Solidarité avec le peuple kanak
Par 215 voix contre 41, le Sénat a adopté mardi 24 février le projet de loi constitutionnelle portant création d’un État de Nouvelle-Calédonie inscrit dans la Constitution française. Le gouvernement sait pourtant que ce texte ne recueillera ni une majorité à l’Assemblée fin mars, ni une majorité qualifiée au Congrès.
Kanaky Nouvelle-Calédonie : le gouvernement fait à nouveau fausse route
Par 215 voix contre 41, le Sénat a adopté mardi 24 février le projet de loi constitutionnelle qui porte création d’un État de la Nouvelle-Calédonie inscrit dans la Constitution française. Le gouvernement sait que ce texte ne recueillera pas une majorité à l’Assemblée fin mars.

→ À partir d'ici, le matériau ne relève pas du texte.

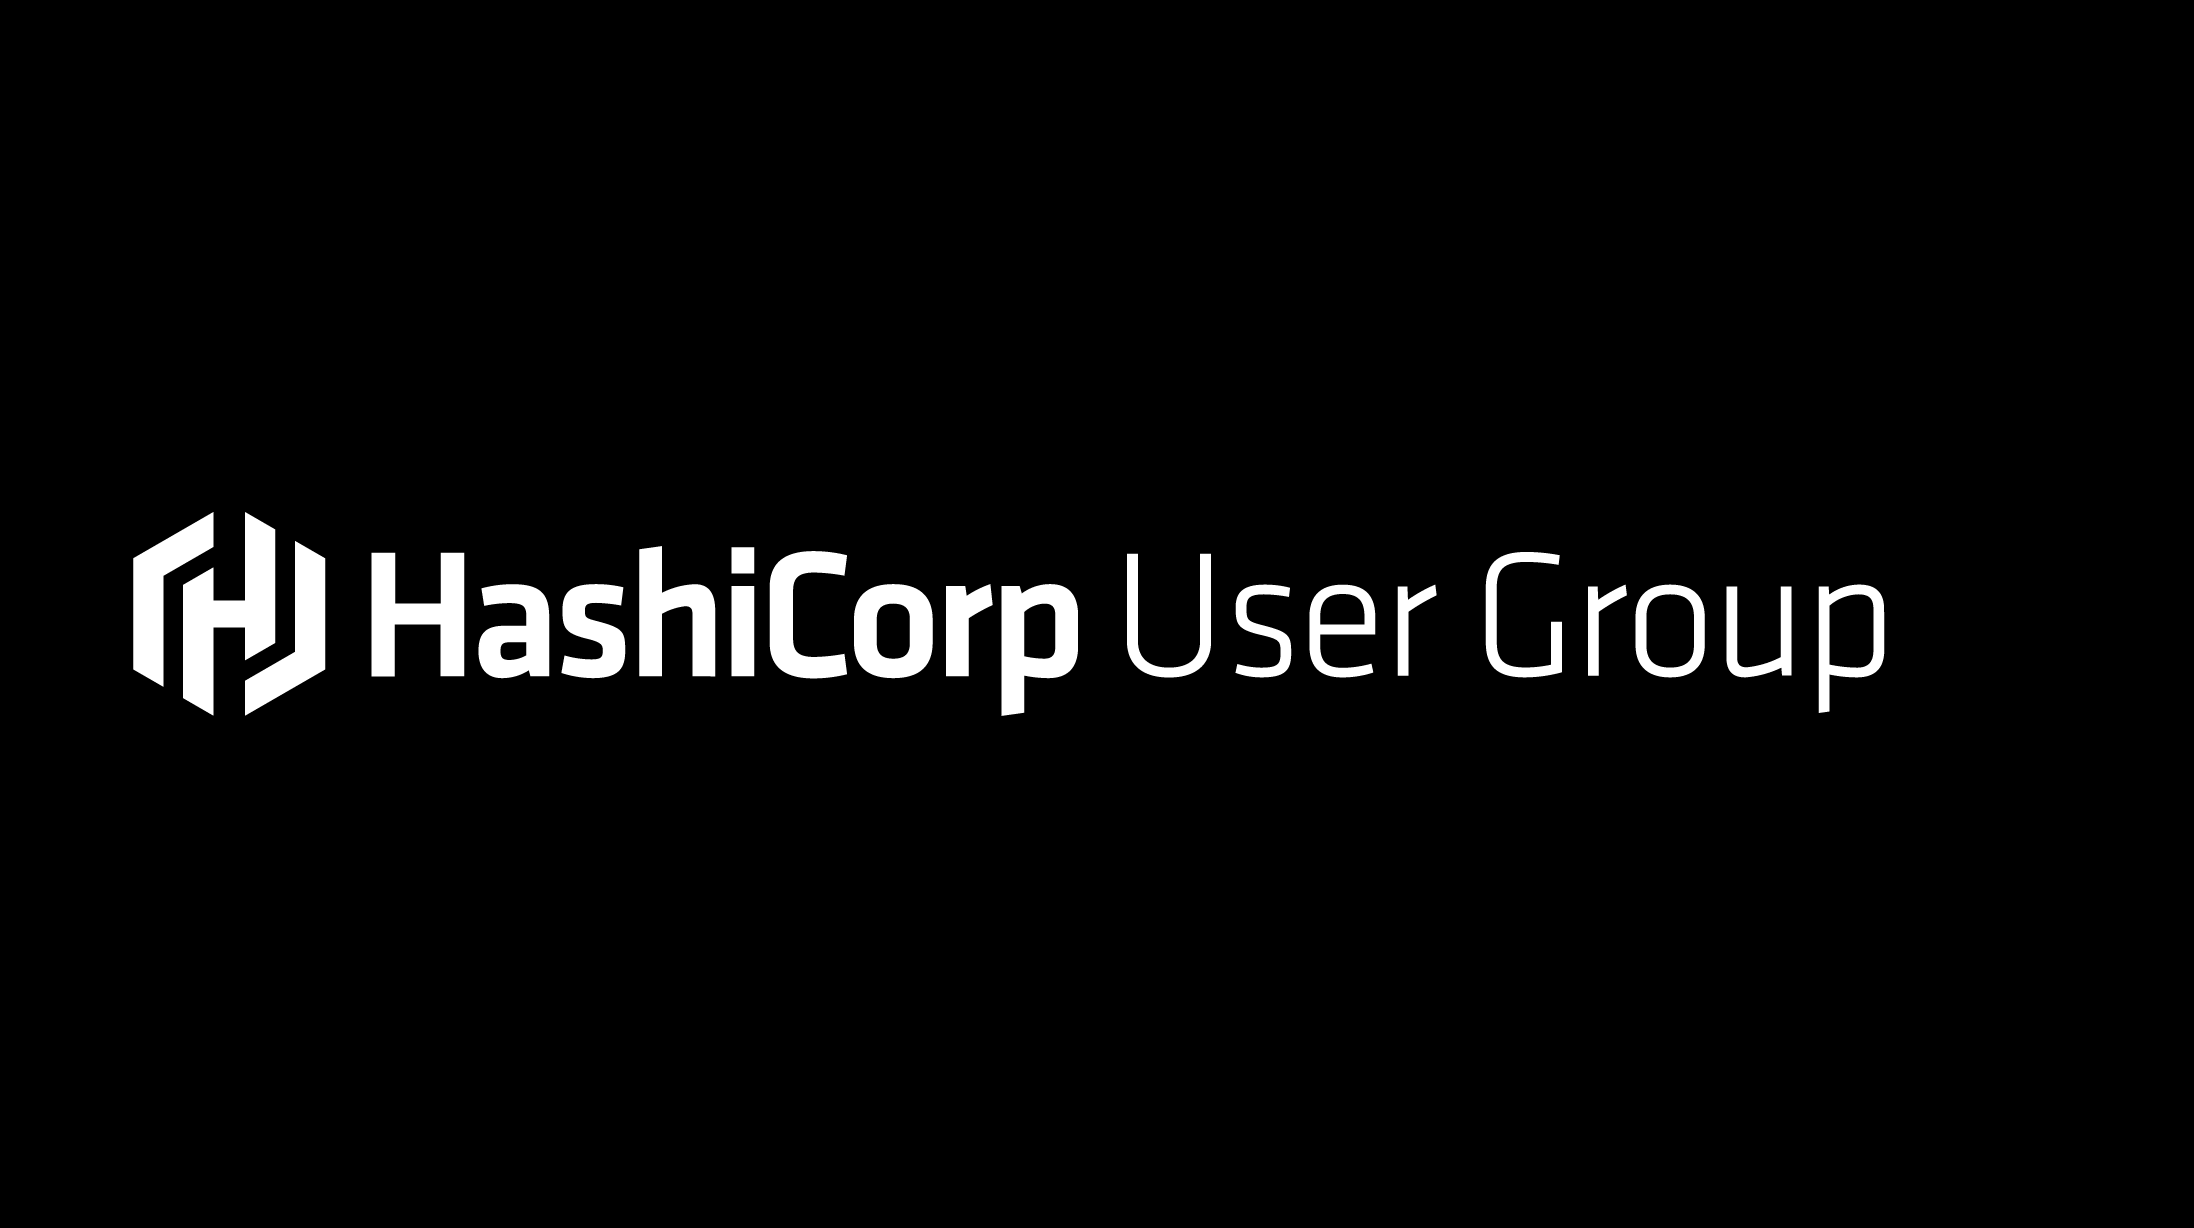 Building Richer Interactions in the HashiCorp Community

Et en tout état de cause qu’une majorité qualifiée au Congrès est inaccessible.
Pourquoi donc un tel entêtement ? Pourquoi tant d’irresponsabilité ?
Entêtement à vouloir imposer l’accord de Bougival de juillet 2025, dénoncé par le FLNKS, et aussi l’accord Élysée-Oudinot signé le 19 janvier en l’absence du FLNKS.
Irresponsabilité de vouloir une nouvelle fois reporter les élections provinciales, dans l’espoir de parvenir avant leur tenue à un dégel du corps électoral, cette question éminemment inflammable.
Irresponsabilité encore de renvoyer toutes les questions décisives liées à la loi constitutionnelle à une loi organique dont on ne sait rien, ce qui revient à « demander au constituant de se prononcer à l’aveugle ».
Sébastien Lecornu s’accroche au fait que, lorsqu’il fut aux commandes en tant que ministre des Outre-mer, il a eu raison. Raison de considérer que le 3ᵉ référendum a confirmé que « les Calédoniens ont dit oui au maintien dans la France ». Raison de soutenir la droite calédonienne réactionnaire, quitte à nier que celle-ci agite la menace d’une partition du territoire. Et déni du chantage quant à un soutien économique conditionné par l’adoption du projet institutionnel (ce qui est confirmé par le sénateur néo-calédonien Georges Naturel (LR) acteur des discussions).
Manuel Valls, lui aussi ministre des Outre-mer, récemment écarté, recense précisément toutes les bévues du gouvernement. Pourquoi Sébastien Lecornu ne l’écoute-t-il pas ?
Sans doute par déni de l’évidence : il n’y a pas d’accord possible, donc pas de solution, sans le FLNKS. Or, le FLNKS a clairement argumenté que l’accord de Bougival est en rupture avec le processus de décolonisation de Nouméa-Matignon, et avec le droit international, en ce qu’il ne donne pas de garantie quant à la possibilité de l’accès à la pleine souveraineté. D’où son refus de valider cet accord, ce sur quoi il est rejoint aujourd’hui par d’autres indépendantistes et Océaniens, tandis que des non-indépendantistes modérés expliquent la nécessité de renouer un dialogue indispensable avec le FLNKS.
Sébastien Lecornu confirme une politique qui, niant le fait colonial et ses conséquences, se montre irrespectueuse à l’égard du peuple kanak et bafoue ses droits légitimes. Ce qui ne peut conduire qu’à une dangereuse impasse. La reconnaissance honnête du droit à l’indépendance de la Kanaky/Nouvelle-Calédonie est le préalable à une forme d’association avec la République française, qui offrirait à la Kanaky et aussi à la France une perspective commune juste car respectueuse des droits des peuples.
Solidarité avec le peuple kanak dans son combat pour l’indépendance et le respect de ses droits.